Administrators prepare for possible Bitcoin ETF approval as SEC deadline approaches.
The two largest cryptocurrencies start the week evenly, with major altcoins suffering losses amid sell-offs amid pessimism about Chinese activity and conflicting data on the U.S. economy.
The US job market remains strong, so a US interest rate cut may be delayed, according to the report.
Arthur Hayes, co-founder and former CEO of BitMEX, warned in an article that BTC prices will adjust due to changes in liquidity levels in the United States.
Amid macroeconomic uncertainty, the focus of cryptocurrency traders is this week on whether to approve funds with direct exposure to Bitcoin.
Data from Coingecko shows Bitcoin is stable over the 24-hour period, trading at US$44,020.17.
According to the Bitcoin Price Index (IPB), BTC is trading down 0.25% to R$215,811.56 against the real.
Ethereum (ETH) was down 0.4% at US$2,228.65.
Major altcoins such as BNB (-2.7%), XRP (-1.8%), Solana (-3.7%), Cardano (-5.3%), Dogecoin (-2.6%), and TRON (-2.6%) are in deficit. It is being traded as . 0.4%), Chainlink (-0.9%), Avalanche (-4.5%), Polkadot (-3.1%), Polygon (-6.3%), Shiba Inu (-4.5%).
Approval for a spot Bitcoin ETF could come this week.
Asset managers, stock exchanges and the SEC, US CVM discussed final adjustments to the registration language for spot Bitcoin index funds on Friday (5), a step that could lead to approval of the so-called ETFs tomorrow (9) or Wednesday. (10) Sources told Reuters.
Prospective Bitcoin ETF issuers have until Monday morning to submit final amendments to their pending applications, Bloomberg News reported.
The SEC’s legal decision deadline is January 10th, and the market believes that the SEC will be able to approve multiple ETFs at once. Fox Business said products from BlackRock, the world’s largest asset manager, which is set to announce layoffs, could launch as soon as Wednesday.
According to Bloomberg analysts, the probability that funds with direct exposure to the largest cryptocurrencies will receive approval from the SEC has risen to more than 90%. On the other hand, CoinDesk emphasized that the probability is 85% on betting platform Polymarket.
If your ETF is one of the selected ETFs, VanEck managers have promised to pass on 5% of the potential profits from that product to Brink, the organization supporting the development of the Bitcoin code.
Coinbase expands to Europe
According to The Block, Coinbase is in the process of acquiring a Markets in Financial Instruments Directive (MiFID) licensed company to expand its derivatives offerings in the European Union.

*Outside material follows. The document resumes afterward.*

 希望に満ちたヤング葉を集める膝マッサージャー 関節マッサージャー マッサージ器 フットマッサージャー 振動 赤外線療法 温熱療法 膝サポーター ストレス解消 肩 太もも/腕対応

The deal is subject to regulatory approval and could close by the end of 2024, the largest U.S. cryptocurrency exchange said in a statement. The name of the Cyprus-based company was not disclosed.

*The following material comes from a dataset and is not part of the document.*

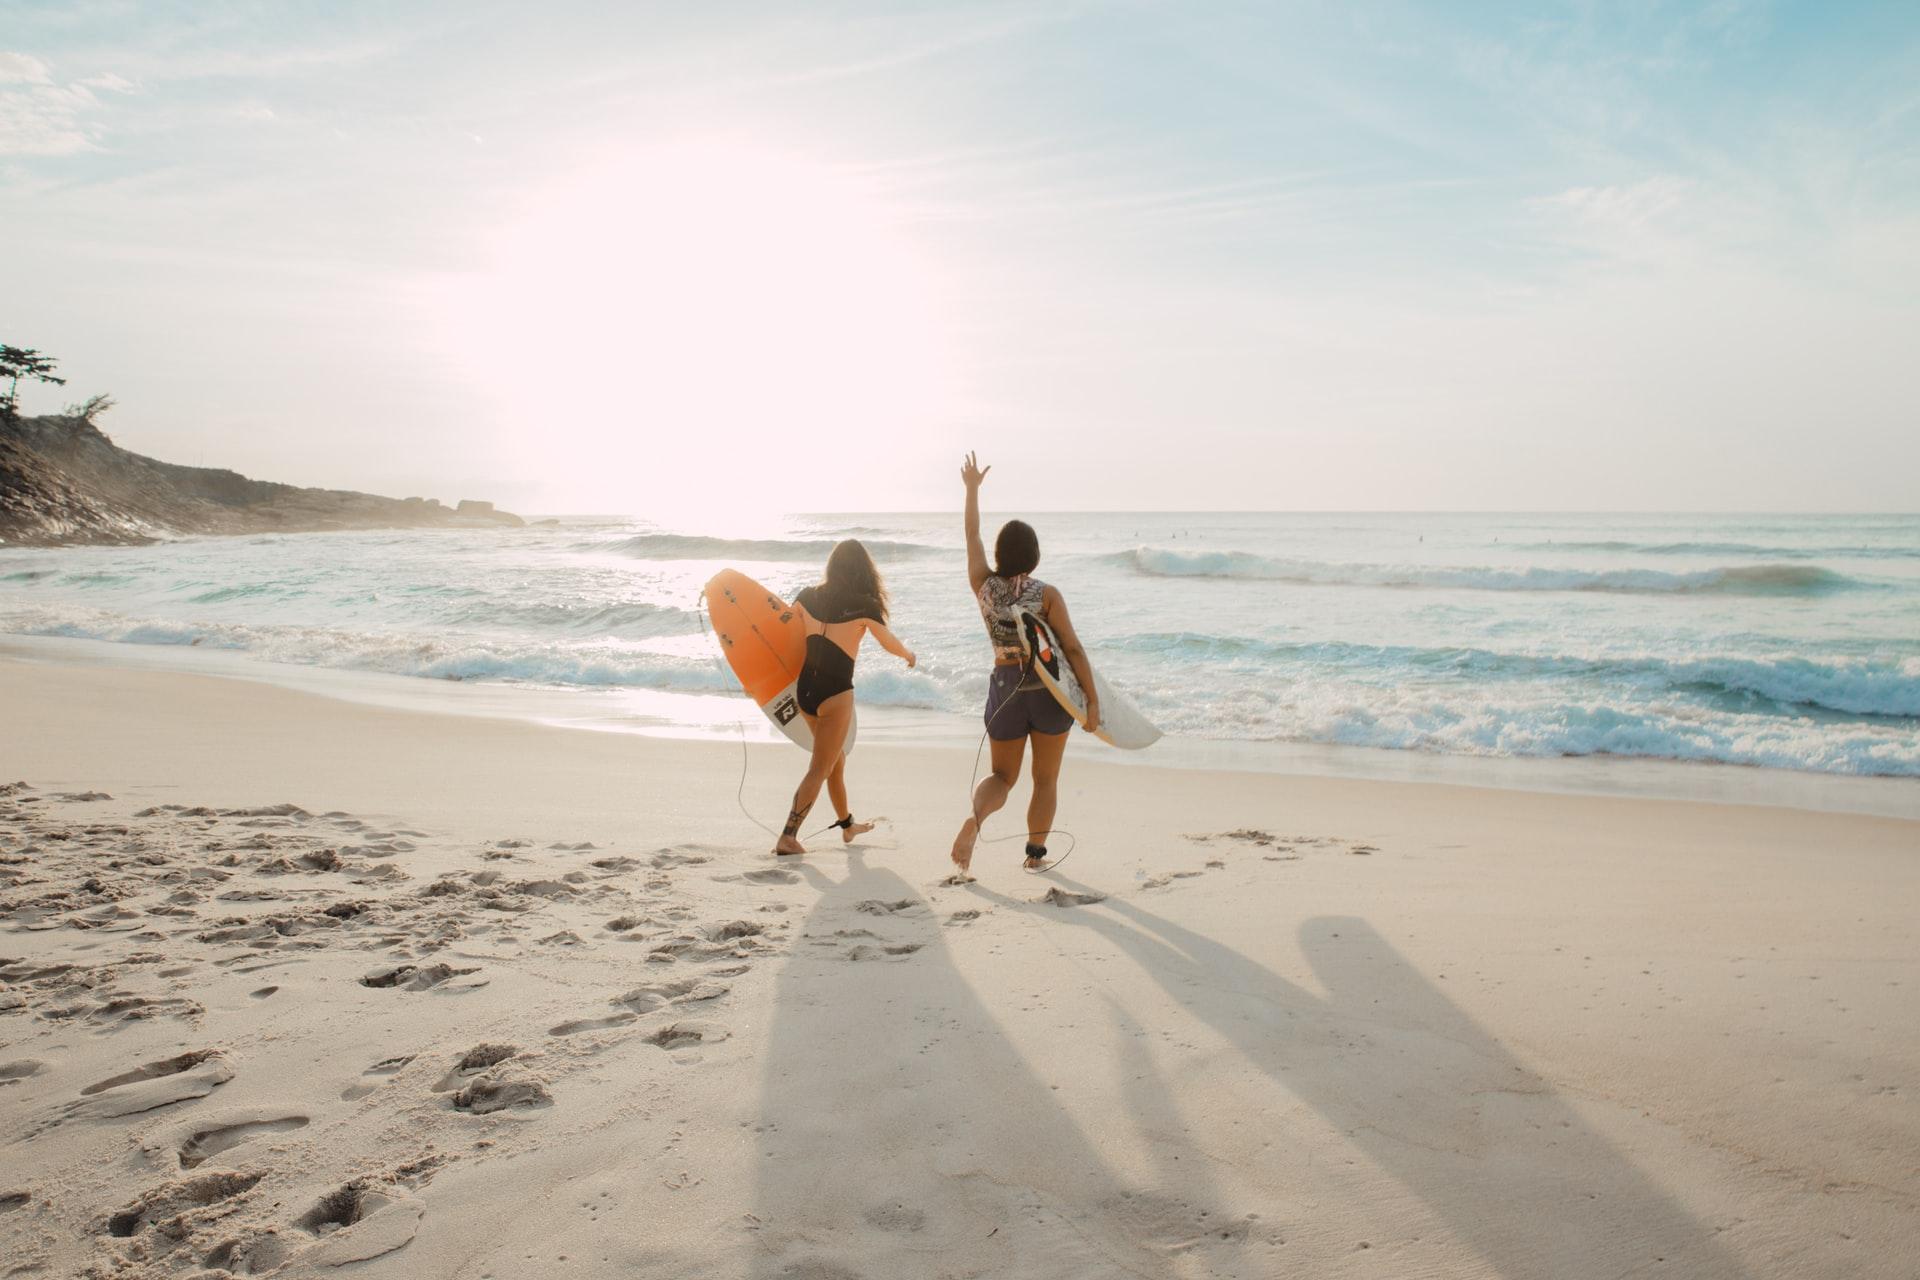 vacanze al mare, regole anti Covid-19 da seguire

The license will allow Coinbase, which currently only operates spot trading in the EU, to offer cryptocurrency-linked derivatives in Europe.

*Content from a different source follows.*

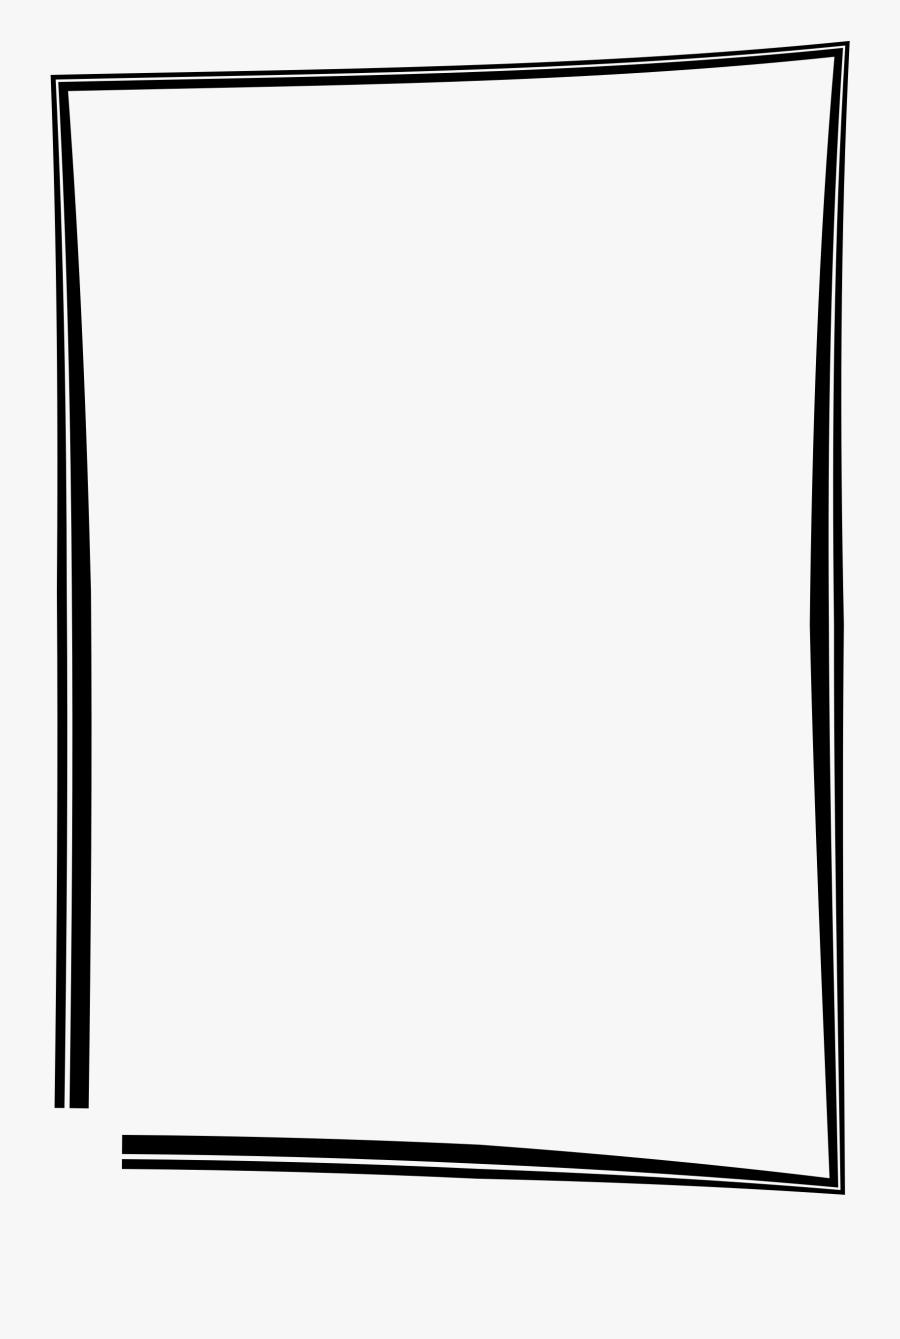 Frame Big Image Png - Simple Frame Borders Design, Transparent Clipart

Meanwhile, administrator Cathie Wood’s Ark Invest continues to reduce its exposure to Coinbase stock. This time it sold for $20.6 million.
Other Cryptocurrency Highlights
The number of merchants accepting Bitcoin for payments tripled last year compared to 2022, according to BTC Map data shared by The Block. According to the report, more than 6,300 retailers globally already accept the largest cryptocurrency, many of which are located in Latin America.
One example that highlights the growing adoption of BTC is Japanese e-commerce giant Mercari. The digital platform, which focuses on used products and has more than 22 million monthly active users, plans to allow purchases with Bitcoin starting in June this year, the Nikkei newspaper reported.
A G20-led initiative to speed up cross-border payments could encourage financial crime and make sanctions against Russia and other countries more difficult to enforce, warned the UK research program Future of Financial Intelligence Sharing. Plans to make digital payment systems more efficient by 2027 do not take into account increased vulnerability to criminal networks and money laundering risks, according to the report.
In another study published on Friday (5), TRM Labs found that North Korea-linked hackers stole at least US$600 million worth of cryptocurrency in 2023. If confirmed, this total would be around $700 million due to other hacks perpetrated by North Koreans late last year.